Explore the rules and answer the following questions.

What is the start state of your grammar?
How many CF rules are in your grammar? Is it 71? (It should be.)
How many of them are lexical?
How many VP rules are there? That is, how many rules have 'VP' on the left-hand side of the fule? That is, how many rules are of the VP -> ... form?
How many V rules are there? That is, how many rules have 'V' on the left-hand side of the fule? That is, how many rules are of the V -> ... form?

Using grammar1, build a chart parser. (Example shown in 8.1.2 Ubiquitous ambiguity.)
Using the parser, parse the sentences s6 -- s11. If your grammar1 is built correctly to cover all of the sentences, the parser should successfully parse all of them.

PART B: Refine your Grammar [20 points]
In this part, you will be updating the grammar and the parser you built in PART A.

Examine the parser output from PART A. Is any of the sentences ambiguous, that is, has more than one parse? Pick an example and provide an explanation.
Have your parser parse this new sentence. It is covered by the grammar, therefore the parser should be able to handle it:
(s12) Lisa and her friends told Marge that Homer punched the bully in the bar

Come up with a sentence of your own that's covered by grammar1 and have the parser parse it.

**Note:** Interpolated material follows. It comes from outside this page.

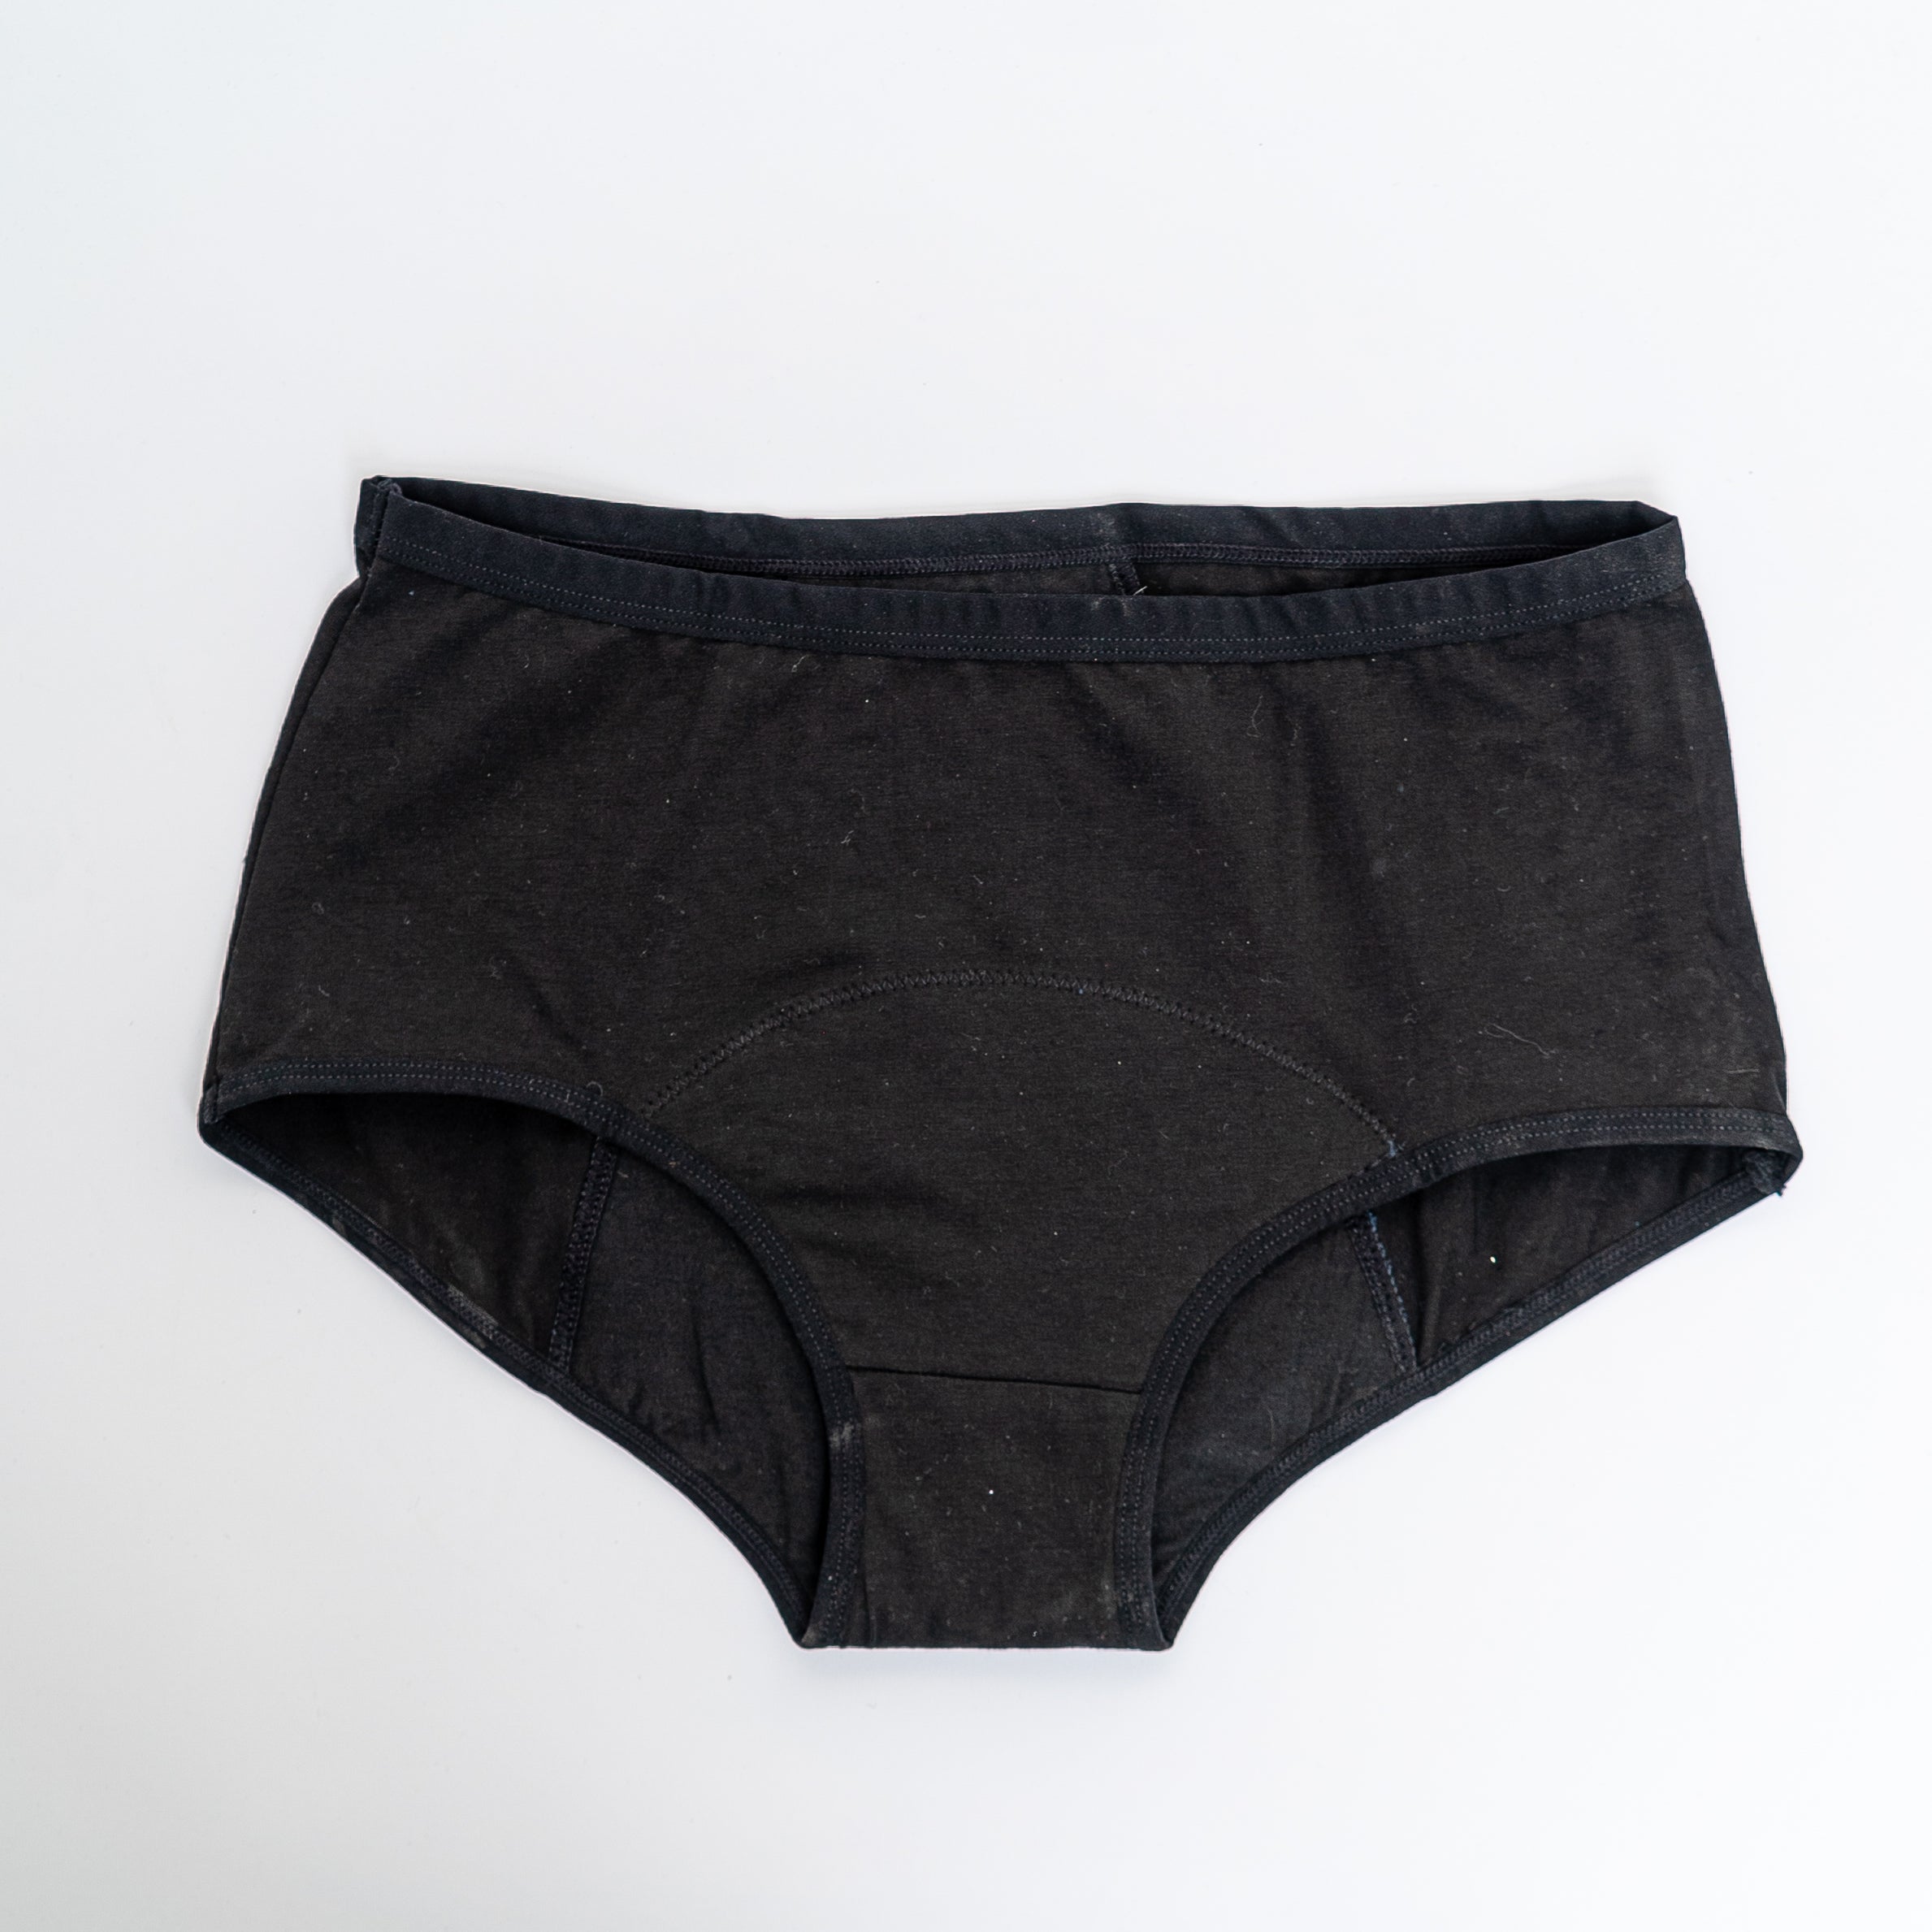 Orgaknix Period Underwear in Starter Pack

Are you satisfied with the result?
Let's revisit our first three sentences from Exercise 10:
(s1) Marge will make a ham sandwich
(s2) will Marge make a ham sandwich
(s3) Homer ate the donut on the table
As it is, your grammar1 does not cover them. But we can extend it with the CF rules from the three sentences' trees. Follow the steps below.

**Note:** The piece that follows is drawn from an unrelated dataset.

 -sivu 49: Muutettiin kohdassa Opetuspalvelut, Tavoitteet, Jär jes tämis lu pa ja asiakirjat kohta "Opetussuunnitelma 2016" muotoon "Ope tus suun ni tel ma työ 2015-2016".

From the three sentence trees, create a list of all production rules in them. Turn it into a set, which removes all duplicates. (Hint: use set().)
From it, create a new list called more_rules, which consists of CF rules from the three trees *that are not already in grammar1*.
Add the additional rules to your grammar1's production rules, using the .extend() method.
And then, you have to re-initialize the grammar using the extended production rules (highlighted part). An illustration:

>>> print(grammar3) Grammar with 5 productions (start state = S) S -> NP VP NP -> N VP -> V N -> 'Homer' V -> 'sleeps' >>> more_rules [V -> 'sings', V -> 'drinks'] >>> grammar3.productions().extend(more_rules) >>> grammar3 = nltk.grammar.CFG(grammar3.start(), grammar3.productions()) >>> print(grammar3) Grammar with 7 productions (start state = S) S -> NP VP NP -> N VP -> V N -> 'Homer' V -> 'sleeps' V -> 'sings' V -> 'drinks' >>>

Now, rebuild your chart parser with the updated grammar1. And try parsing the three sentences. It should successfully parse them.

Try parsing another sentence of your own that's covered by the newly extended grammar1. Are you satisfied with the result?
As the final step, pickle your grammar1 as hw8_grammar.pkl.

SUBMIT:

Your complete Python script for PART A and B.
Your Python script output, i.e., a saved IDLE shell session.
Your pickled file containing grammar1.